What this task involves →
Line by line, set down all the data below exactly, omitting any picture.

Supplied data →

■ ■ ■

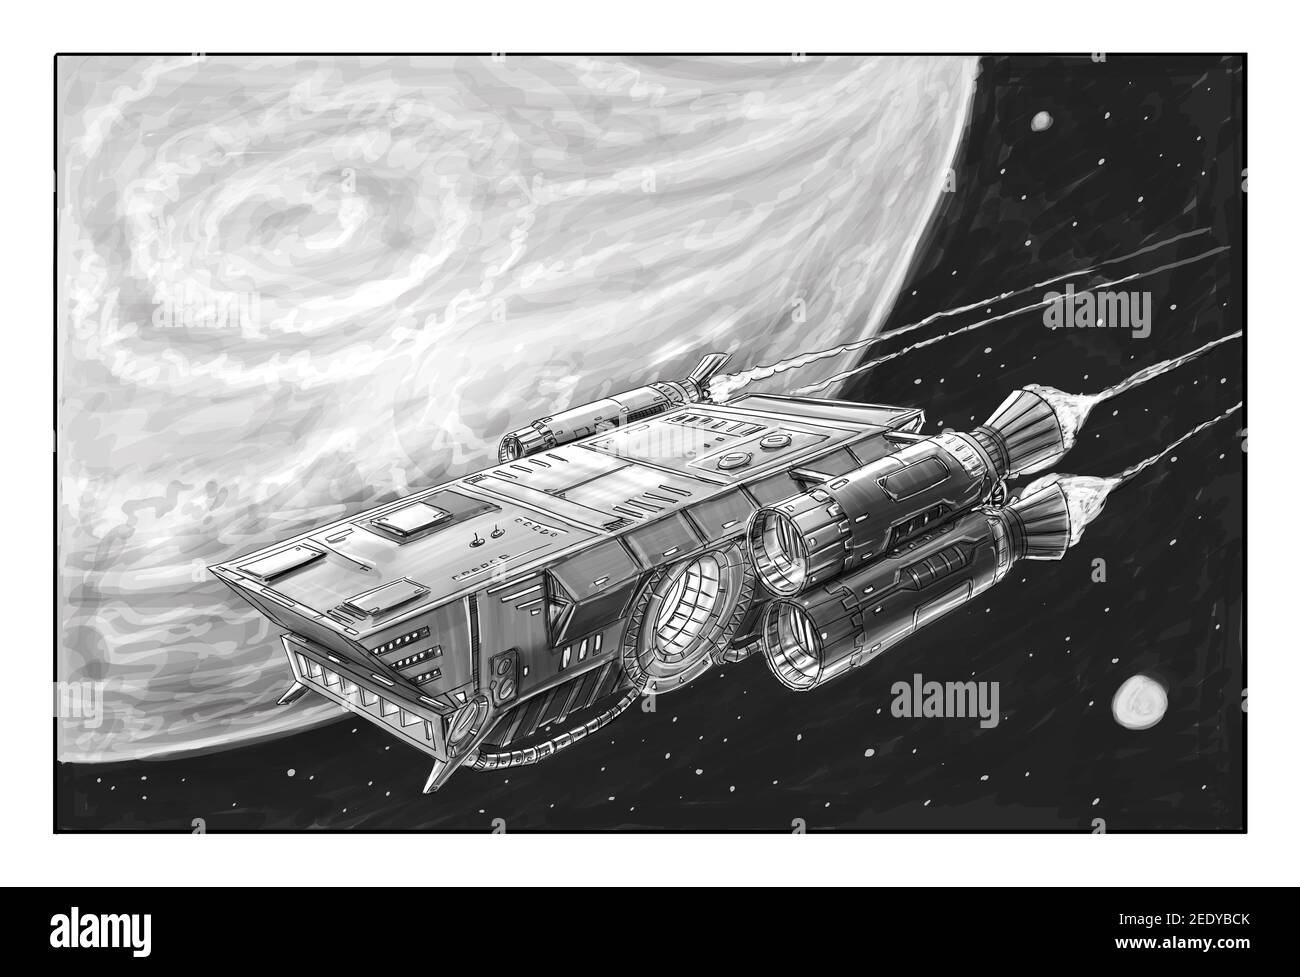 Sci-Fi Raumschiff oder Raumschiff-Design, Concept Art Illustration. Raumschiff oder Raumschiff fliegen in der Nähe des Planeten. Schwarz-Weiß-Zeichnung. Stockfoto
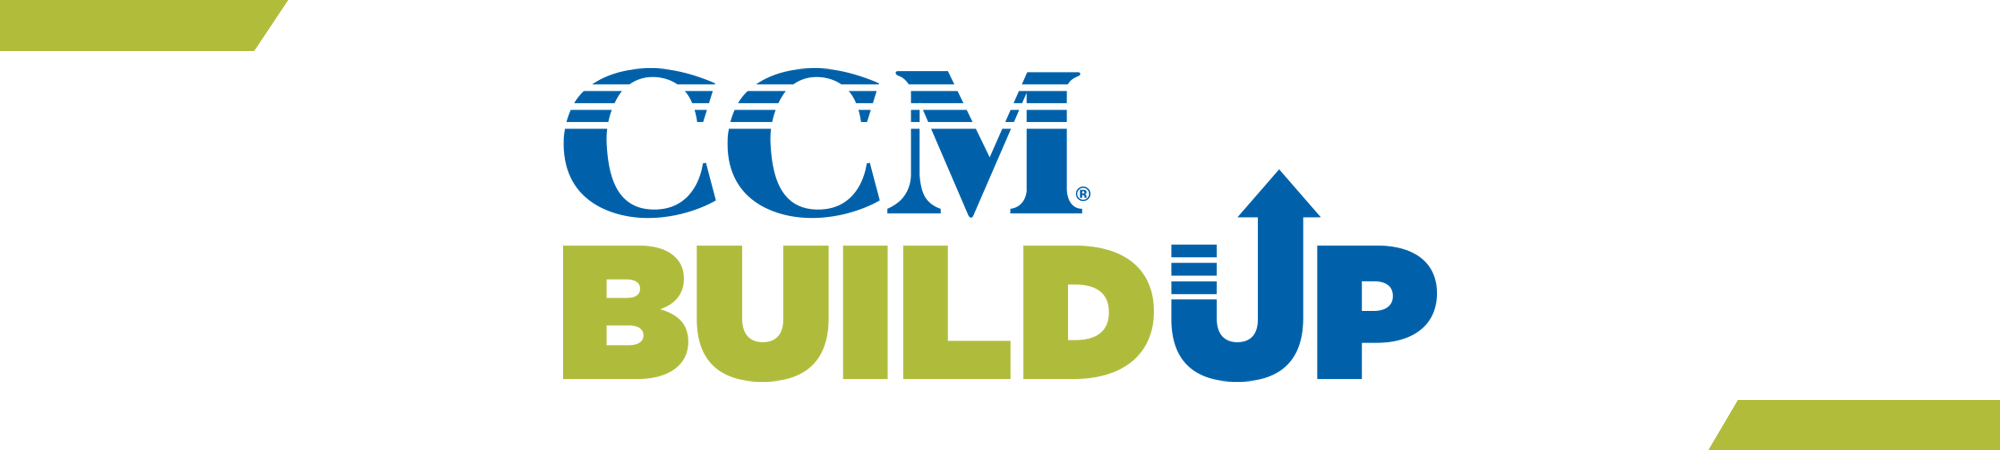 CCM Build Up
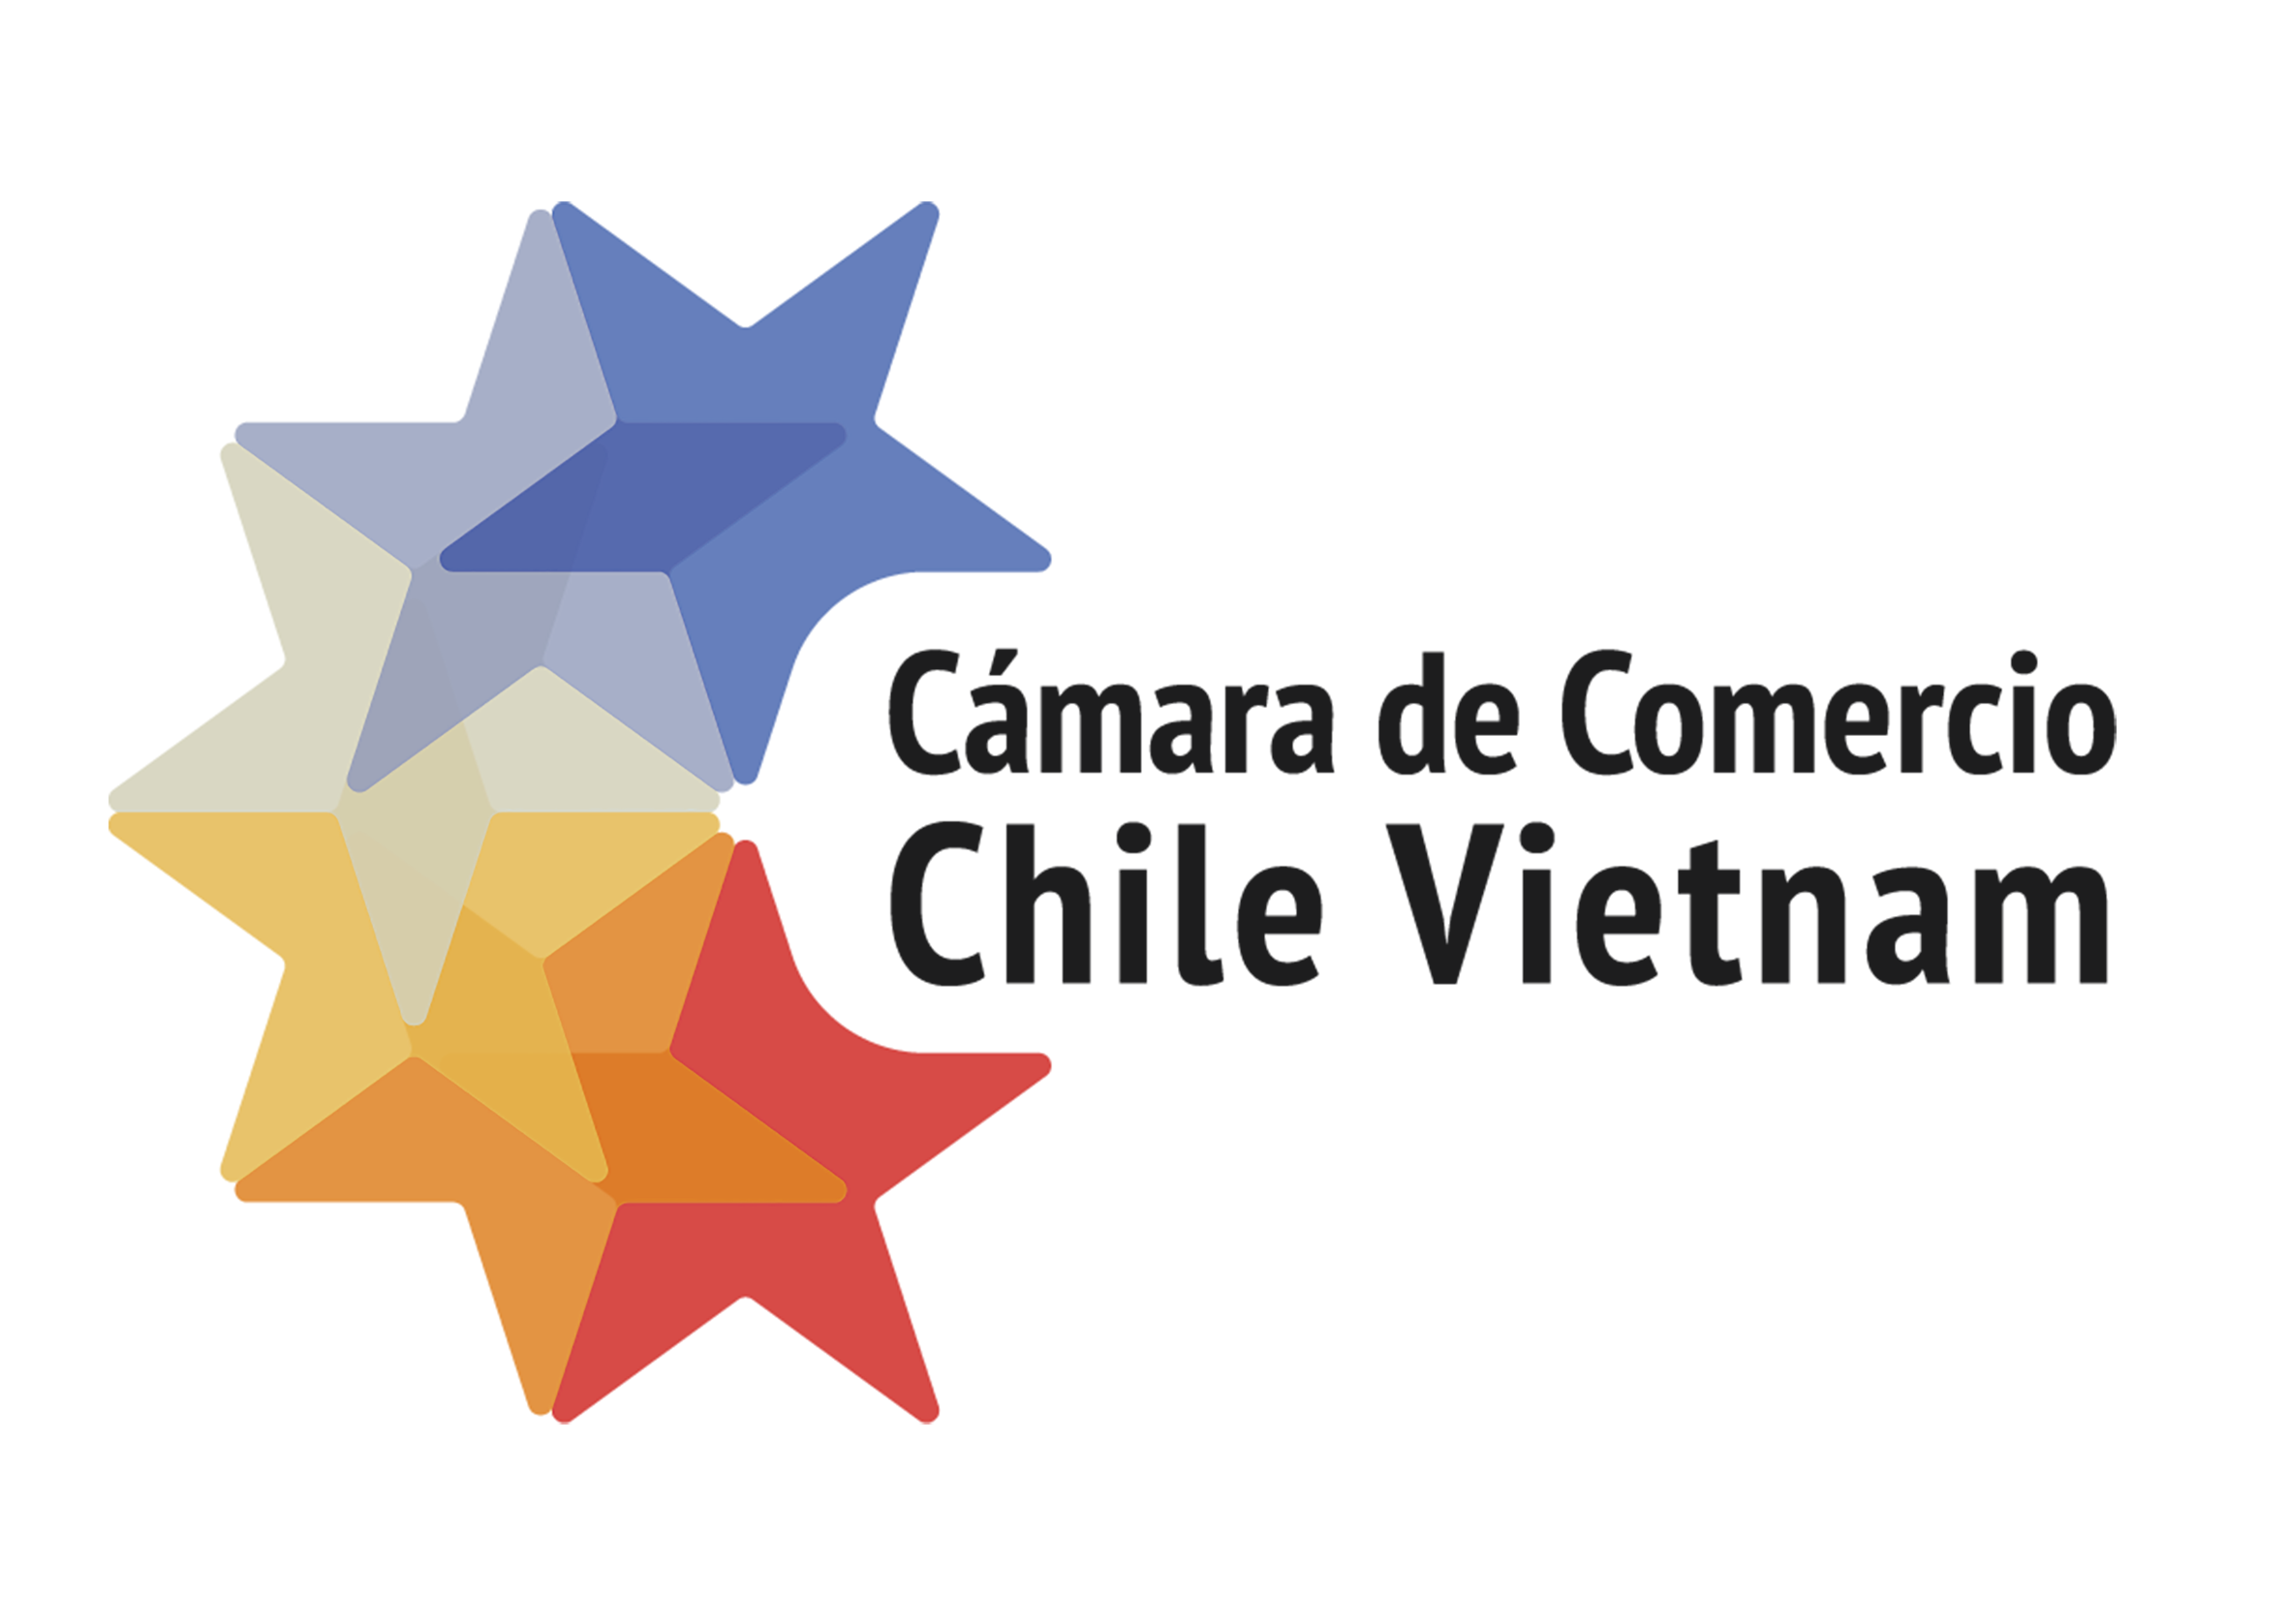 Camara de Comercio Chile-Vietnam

■ ■ ■

Response to the exercise →
 Sci-Fi Raumschiff oder Raumschiff-Design, Concept Art Illustration. Raumschiff oder Raumschiff fliegen in der Nähe des Planeten. Schwarz-Weiß-Zeichnung. Stockfoto
 CCM Build Up
 Camara de Comercio Chile-Vietnam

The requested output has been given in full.